Awards for Valour (Protection) Bill
Further consideration of Bill, as amended in Public Bill Committee
Bill to be further considered on Friday 12 May.
Carbon Monoxide Poisoning (Safety Abroad) Bill
Motion made, That the Bill be now read a Second time.
Bill to be read a Second time on Friday 12 May.
House of Lords (Exclusion of Hereditary Peers) Bill
Motion made, That the Bill be now read a Second time.
Bill to be read a Second time on Friday 12 May.
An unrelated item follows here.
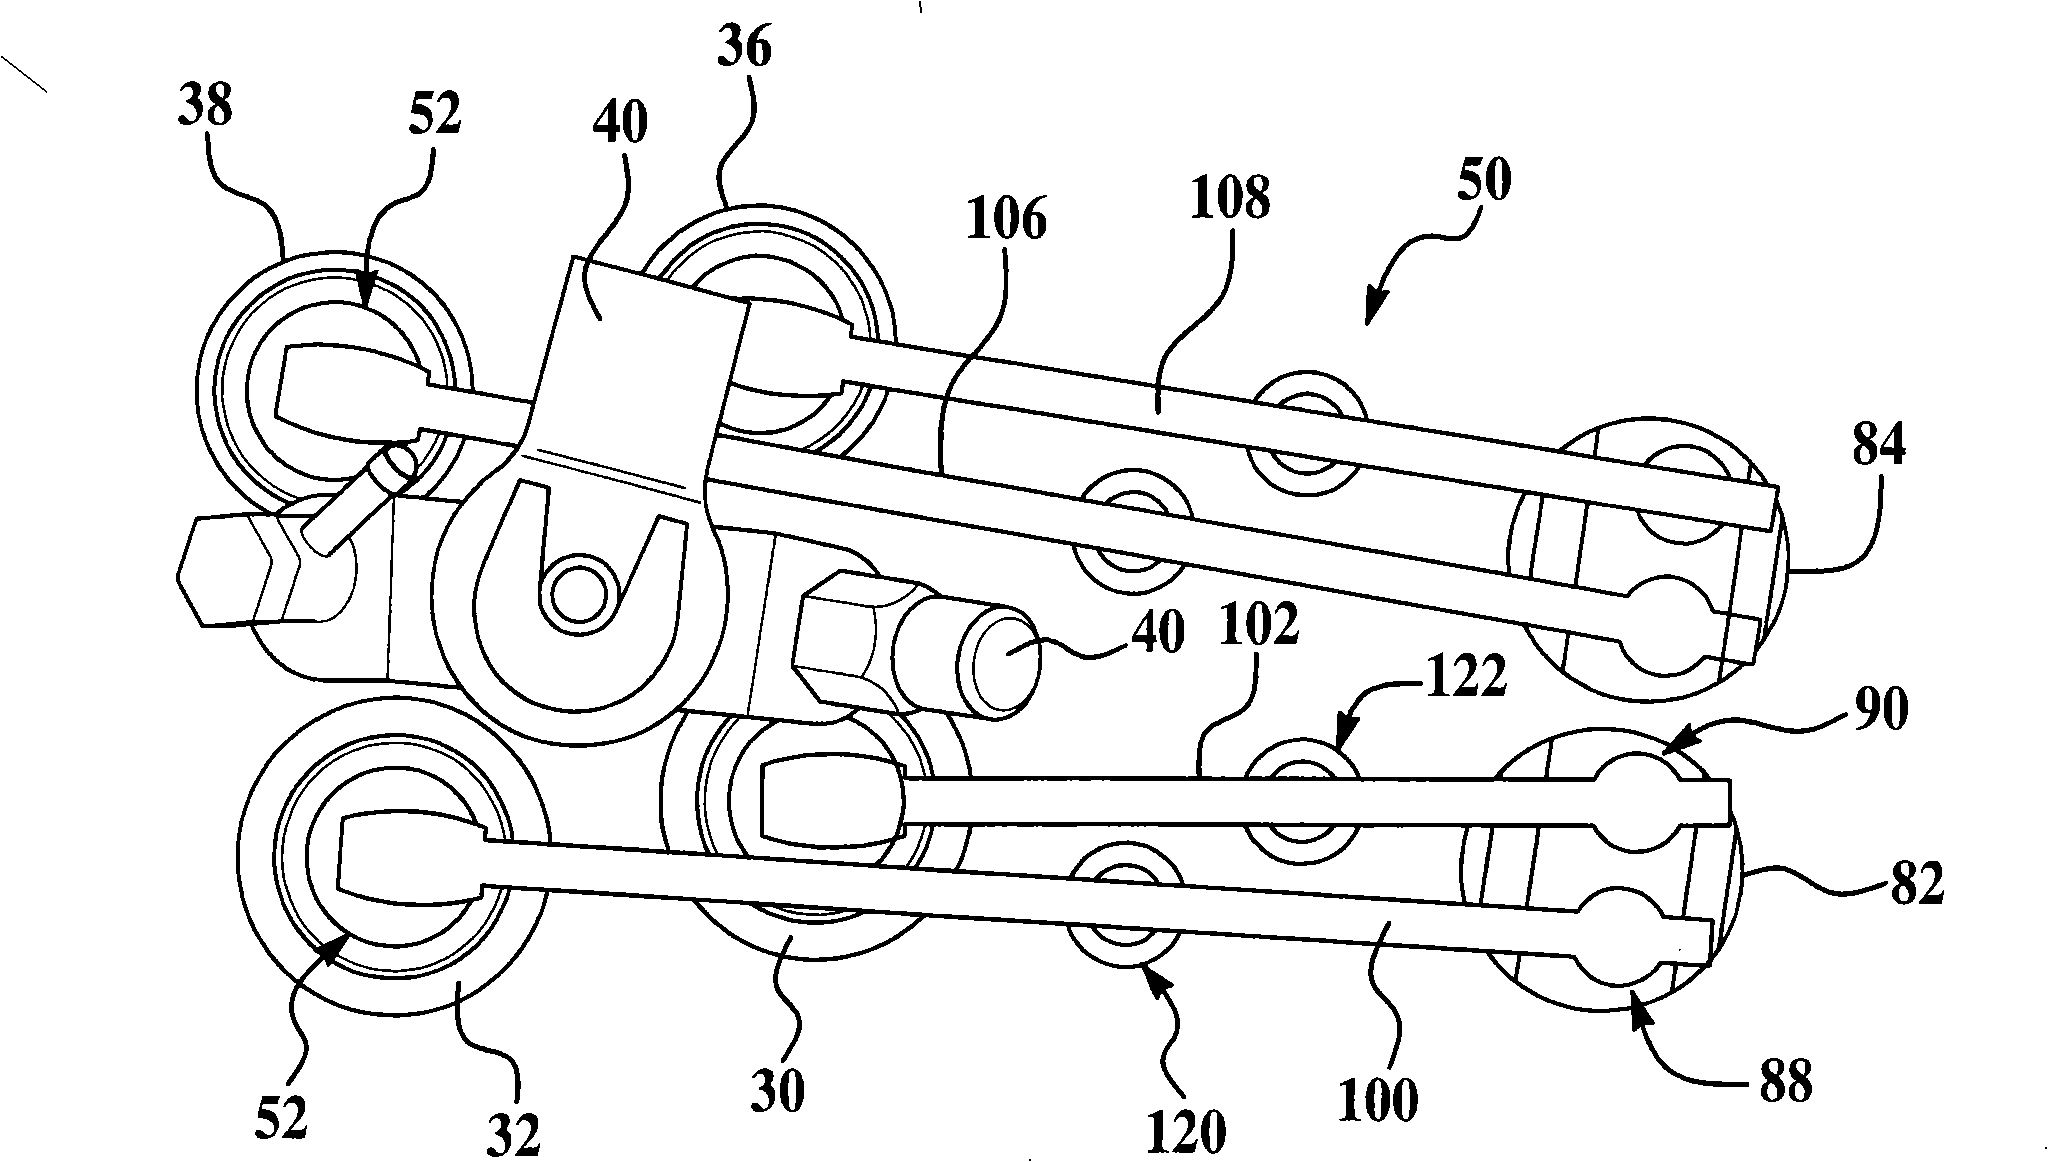 Engine with double-push bar tappet rod and stand-alone interstice regulator, and air valve mechanism thereof

Unsolicited Marketing Communications (Company Directors) Bill
Motion made, That the Bill be now read a Second time.
Bill to be read a Second time on Friday 12 May.
Statutory Nuisance (Aircraft Noise) Bill
Motion made, That the Bill be now read a Second time.
Bill to be read a Second time on Friday 12 May.
FEEDING PRODUCTS FOR BABIES AND CHILDREN (ADVERTISING AND PROMOTION) BILL
Motion made, That the Bill be now read a Second time.
Bill to be read a Second time on Friday 12 May.
Wild Animals in Circuses (Prohibition) Bill
Motion made, That the Bill be now read a Second time.
Bill to be read a Second time on Friday 12 May.
Animal Fighting (Sentencing) Bill
Motion made, That the Bill be now read a Second time.
Bill to be read a Second time on Friday 12 May.
National Health Service Bill
Motion made, That the Bill be now read a Second time.
Bill to be read a Second time on Friday 12 May.
Asset Freezing (Compensation) Bill [Lords]
Motion made, That the Bill be now read a Second time.
Bill to be read a Second time on Friday 12 May.
Workers’ Rights (Maintenance of EU Standards) Bill
Motion made, That the Bill be now read a Second time.
Bill to be read a Second time on Friday 12 May.
Vehicle Noise Limits (Enforcement) Bill
Motion made, That the Bill be now read a Second time.
Bill to be read a Second time on Friday 12 May.
Families with Children and Young People in Debt (Respite) Bill
Motion made, That the Bill be now read a Second time.
Bill to be read a Second time on Friday 12 May.
Unlawful Killing (Recovery of Remains) Bill
Motion made, That the Bill be now read a Second time.
Bill to be read a Second time on Friday 12 May.
Protection of Family Homes (Enforcement and Permitted Development) Bill
Resumption of adjourned debate on Question (25 November), That the Bill be now read a Second time.
Debate to be resumed on Friday 12 May.
Business of the House
That, at the sitting on Wednesday 29 March, notwithstanding the provisions of Standing Order No. 20 (Time for taking private business), the private business set down by the Chairman of Ways and Means may be entered upon at any hour (whether before, at or after 4.00pm) and may then be proceeded with, though opposed, for three hours, after which the Speaker shall interrupt the business.—(Chris Heaton-Harris.)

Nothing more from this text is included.